____ Dataset entries

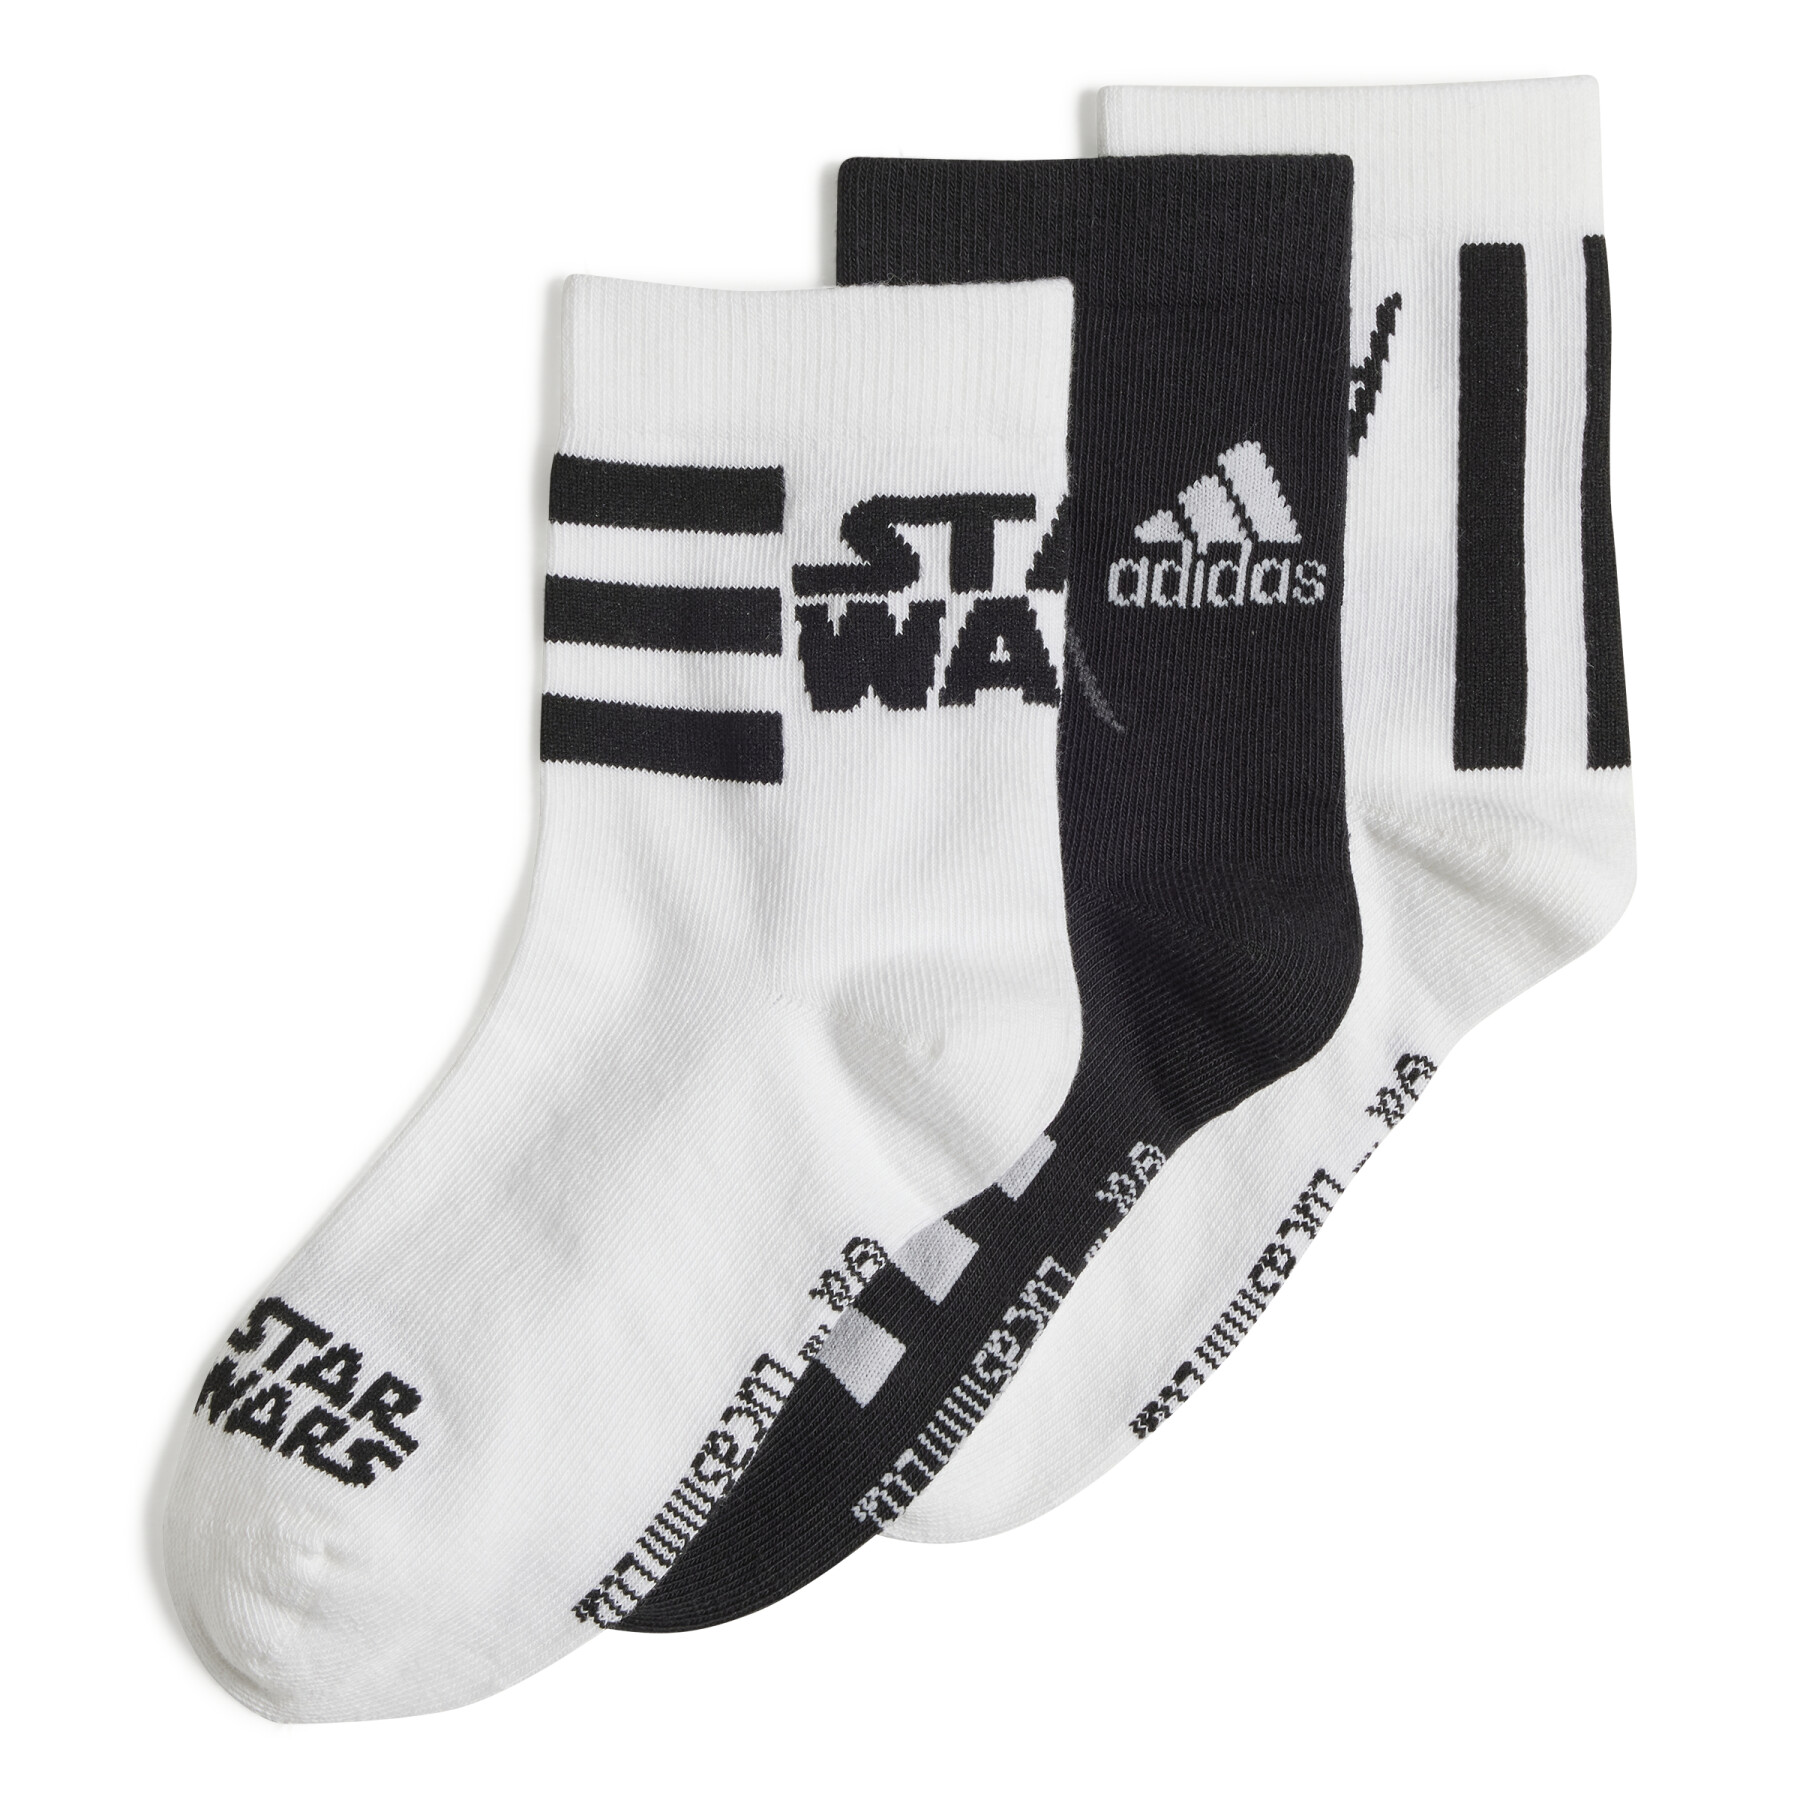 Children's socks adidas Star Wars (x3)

________
____ Dataset entries

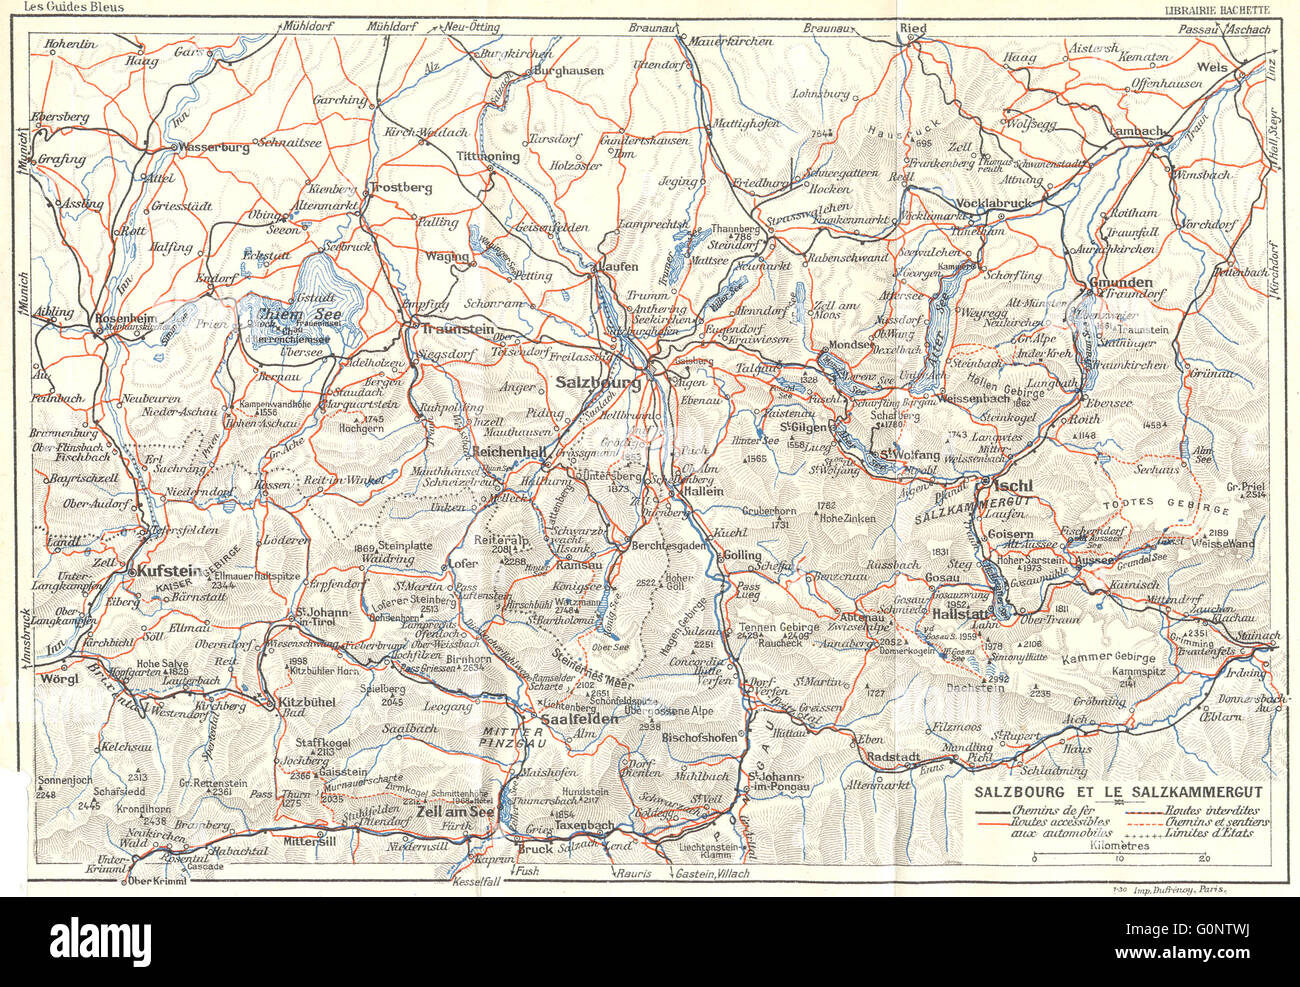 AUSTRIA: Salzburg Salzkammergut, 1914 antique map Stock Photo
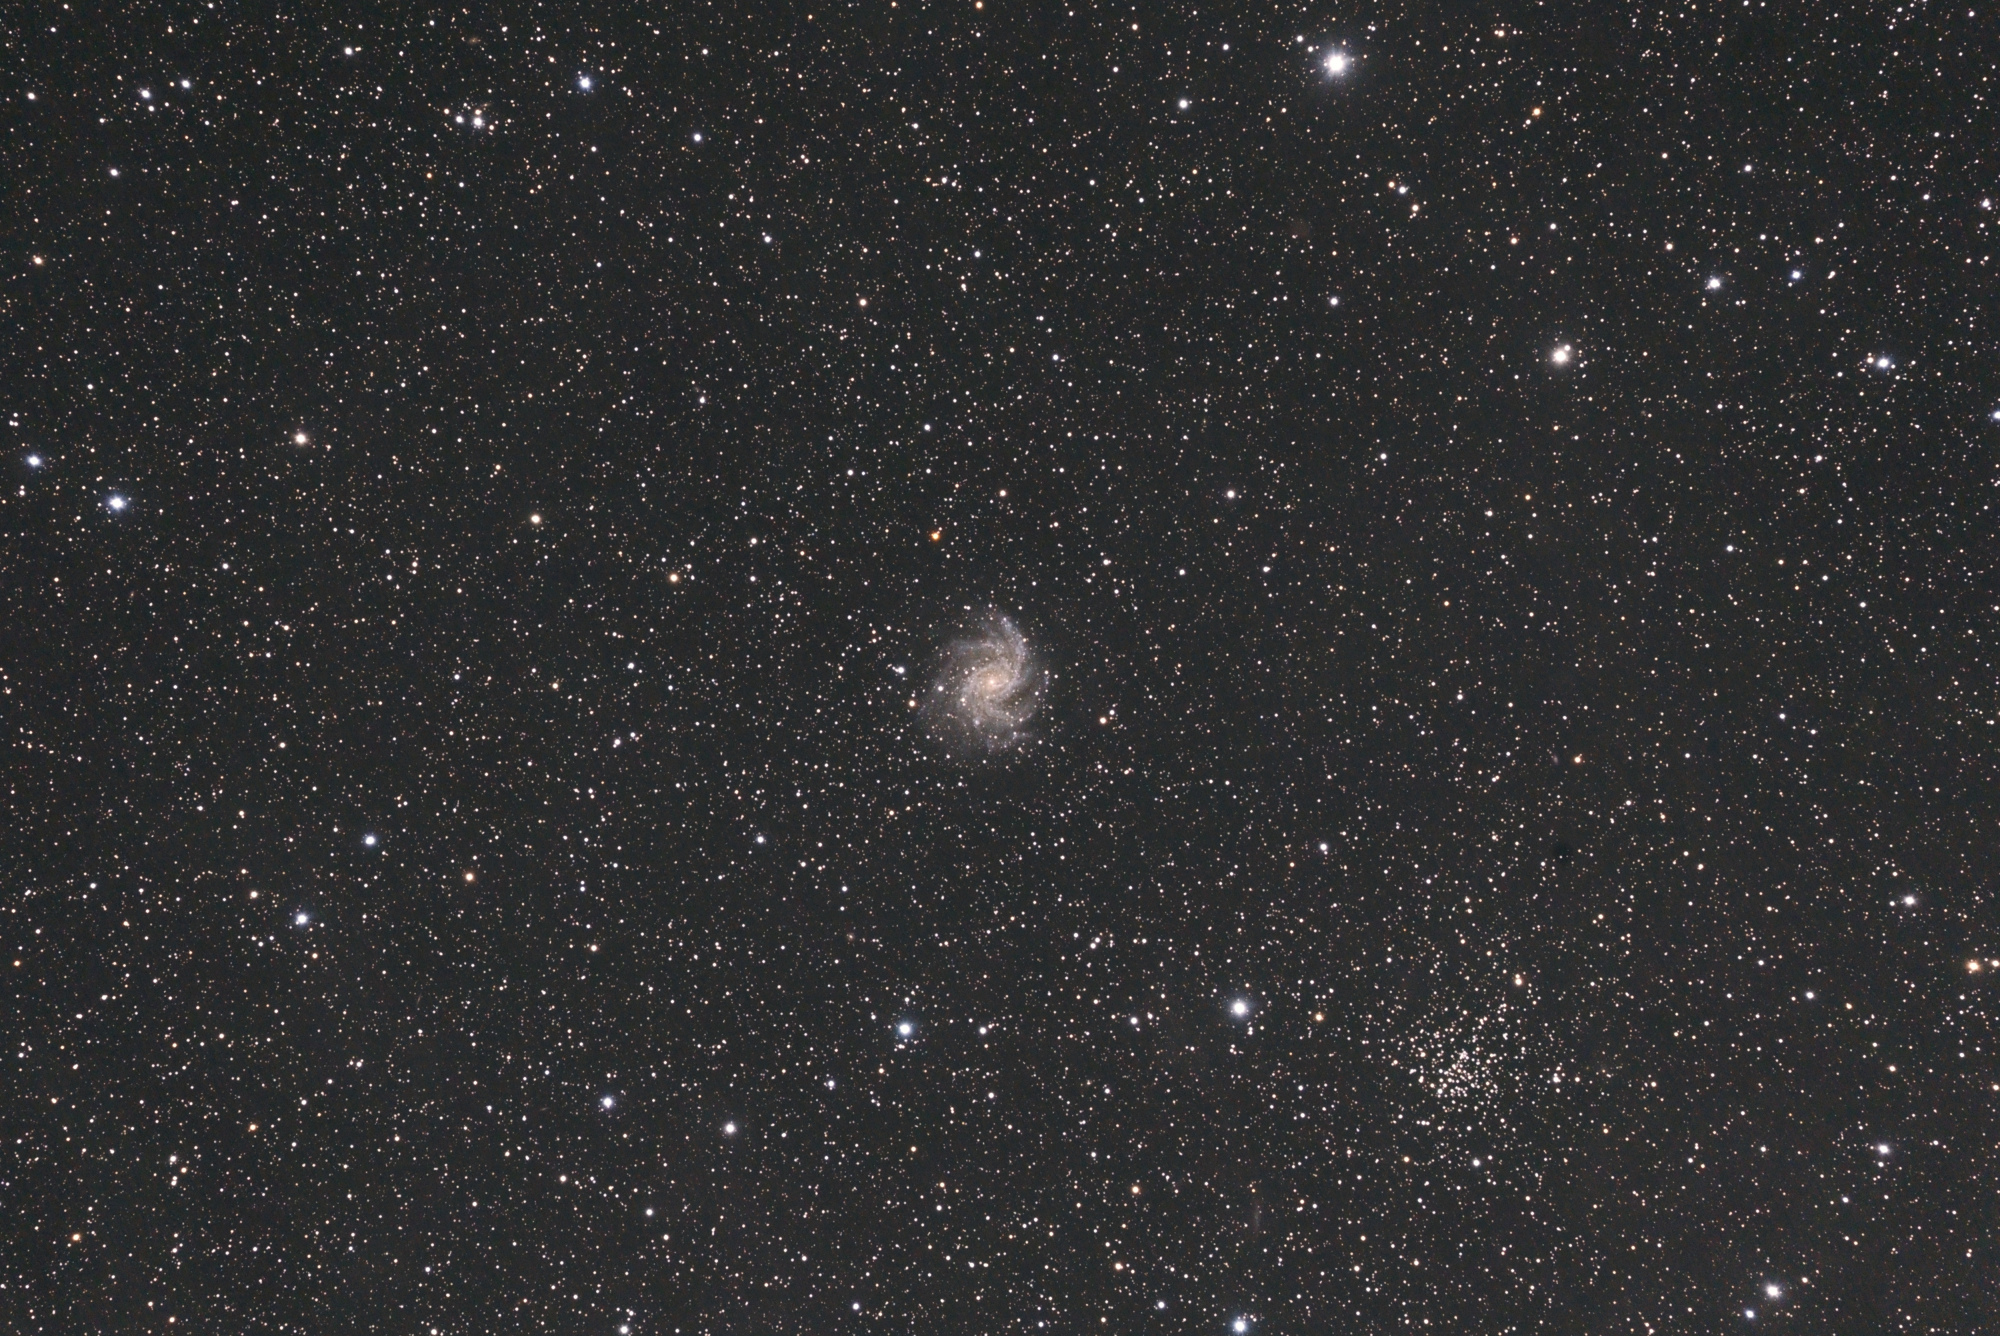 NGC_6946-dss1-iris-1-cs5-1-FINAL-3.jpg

________

Leaving out each picture, repeat exactly the lines above from the one that contains "AUSTRIA: Salzburg Salzkammergut, 1914" through the one that contains "NGC_6946-dss1-iris-1-cs5-1-FINAL-3.jpg".

 AUSTRIA: Salzburg Salzkammergut, 1914 antique map Stock Photo
 NGC_6946-dss1-iris-1-cs5-1-FINAL-3.jpg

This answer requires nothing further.